Add to this the obvious discriminatory intent of the law’s author, Pearce, a man who mentored the murderous neo-Nazi J.T. Ready, who made a practice of lying about his Mormon faith’s official stance on immigration, and who was recalled from his state Senate seat by coalition of moderate Mormon Republicans and Mexican-Americans angered over the stain 1070 left on their state.
What else is there to prove?
Bolton shot down the plaintiffs’ attempts to enjoin parts of 1070 that require local law enforcement to check the immigration status of those arrested and allow them to transport illegal aliens to ICE.
But in a win for the plaintiffs, she permanently enjoined a section that would have restricted day laborers.
None of Bolton’s decision was surprising, nor did it change the status quo.
For now, 1070 remains on Arizona’s body politic like a grotesque misshapen mole that resembles Pearce’s truculent visage.

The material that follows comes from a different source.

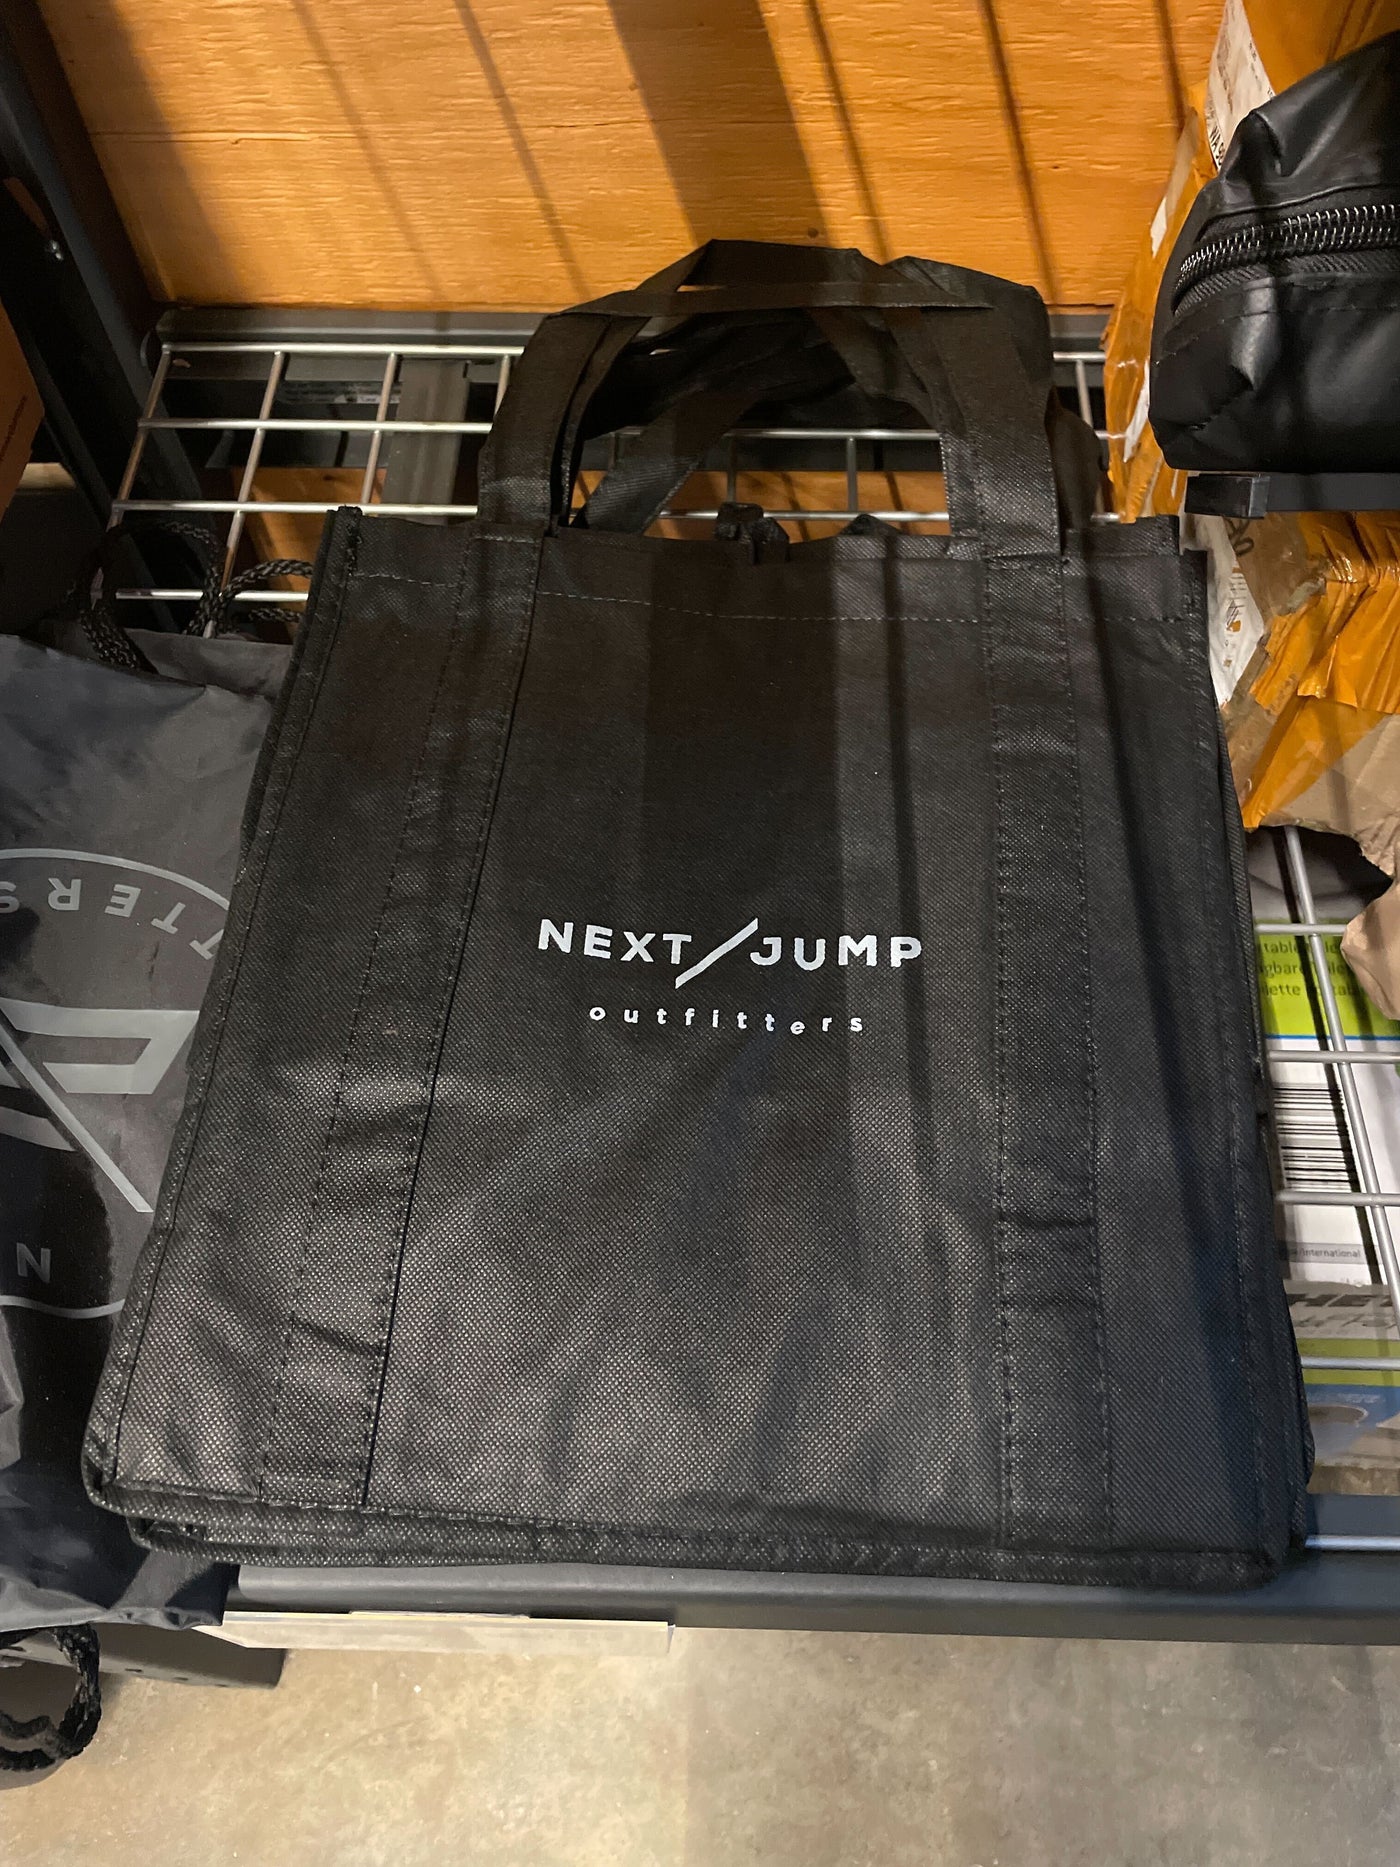 Next Jump Outfitters Reusable Bag

Perhaps some court or the will of an ever-browning electorate will slice it off entirely someday.
On the whole, the pushback to 1070 by the courts, Latinos, and Latino-friendly politicians has been relatively positive though, as Bolton’s decision shows, checkered in its triumphs.
Indeed, the rise of Donald Trump as a political force has revivified nativism nationally.
The billionaire suggests, as Pearce once did, an end to birthright citizenship as enshrined in the 14th Amendment.
And he goes a step further than the “self-deportation” that Pearce’s 1070 meant to ensure.
Trump wants to outright deport 12 million undocumented people.
Still, if Latinos and their allies use Trump to mobilize, register, and get their people to the polls in 2016, a national consensus could end nativism’s stranglehold on the Republicans in Congress and bring about comprehensive immigration reform.
As for 1070, until it’s wiped from the books, may I offer this tagline for Governor Ducey’s rebranding campaign:
“Arizona, It’s Apartheid Lite.”
Posted with permission from Phoenix New Times.